Pengasuh Pondok Pesantren Darussalam Jajar, KH Afiffudin Yunus mengungkapkan ini termasuk baiatan thariqah yang ke-17 sejak awal Almarhum KH Muhaiminan Gunardo dari Parakan Temanggung Jawa Tengah.
"Lalu diteruskan putranya KH Haidar Muhaiminan, setelah itu diteruskan oleh putranya lagi Gus Rikza. Alhamdulillah hari ini banyak penambahan jamaah baru hampir. sekitar 350 jamaah (baru) setiap tahun bertambah," terang KH Afifuddin Yunus, Minggu, 20 Juli 2025.
Gus Afif menaruh harapan dengan adanya baiatan ini semoga semakin baik. Lalu, para jamaah semakin istiqamah, tidak hanya baik di pribadi sendiri namun juga menyebar ke lingkungan.
"Bisa semakin baik menyebar bisa ke keluarga dan saudaranya tetangganya syukur bagi sekaligus menjadi uswah atau panutan bagi masyarakat sekitarnya," tambahnya.
Alumnus Pondok Pesantren Lirboyo Kediri ini juga mengatakan bahwa thariqah sebagai jalan mendekatkan kepada Sang Pencipta.
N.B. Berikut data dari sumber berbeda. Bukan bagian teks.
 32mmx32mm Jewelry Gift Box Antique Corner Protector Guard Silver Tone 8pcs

Sekaligus sebagai cara lebih menghormati kepada sesama ciptaan Allah SWT.
"Thariqah tidak hanya menjadi rutinitas wiridan tetapi juga menjadi kepribadian bagi dirinya sendiri menjadi lebih memanusiakan manusia," tandas putra KH Muhammad Yunus ini.
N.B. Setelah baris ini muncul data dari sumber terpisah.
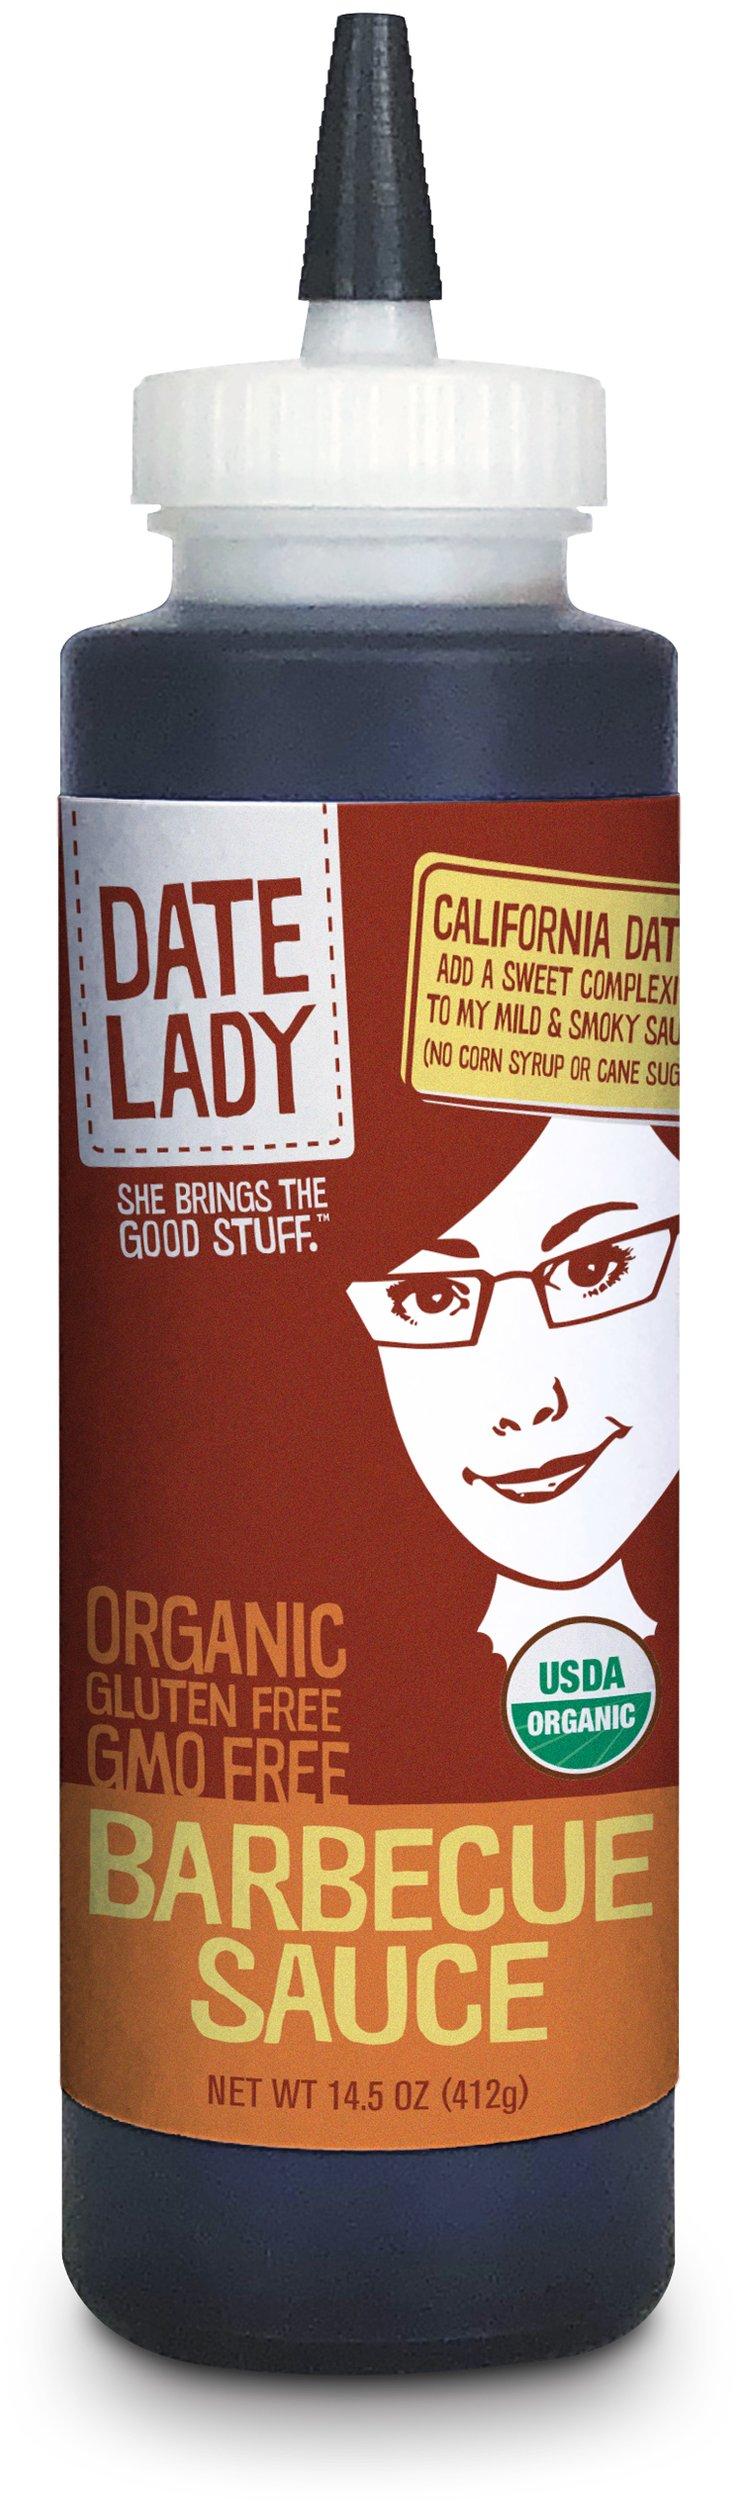 Date_Lady_Barbecue_Sauce_14.5oz_740x.jpg

Senada, Ketua Pelaksana Haul dan Baiatan Thariqah, Muhsam Baidhowi menerangkan rangkaian acara dimulai pada Hari Jum'at dengan Sema'an Al-Qur'an. Lalu, dilanjutkan dengan Bahsul Masa'il dan puncak acara haul pada malam hari Ahad mauidhoh hasanah oleh KH Khasanun dari Ponorogo.
"Alhamdulillah mulai haul tadi malam itu jamaah yang hadir sekitar 2000 jamaah dan Pada hari ini baiatan thariqah peserta baru sekitar 350 jamaah keseluruhan sekitar 2.600 jamaah. Alhamdulillah berjalan dengan lancar dan kondusif," ujar Muhsam Baidhowi,
Muhsam menerangkan mayoritas jamaah tidak hanya dari wilayah Trenggalek saja. Namun dari tetangga kabupaten hingga luar Jawa Timur yang juga sebagai santri Pondok Jajar Trenggalek.
"Kebanyakan didominasi dari wilayah Trenggalek dan sebagian dari Tulungagung Blitar dan ada juga dari Jawa Tengah," bebernya.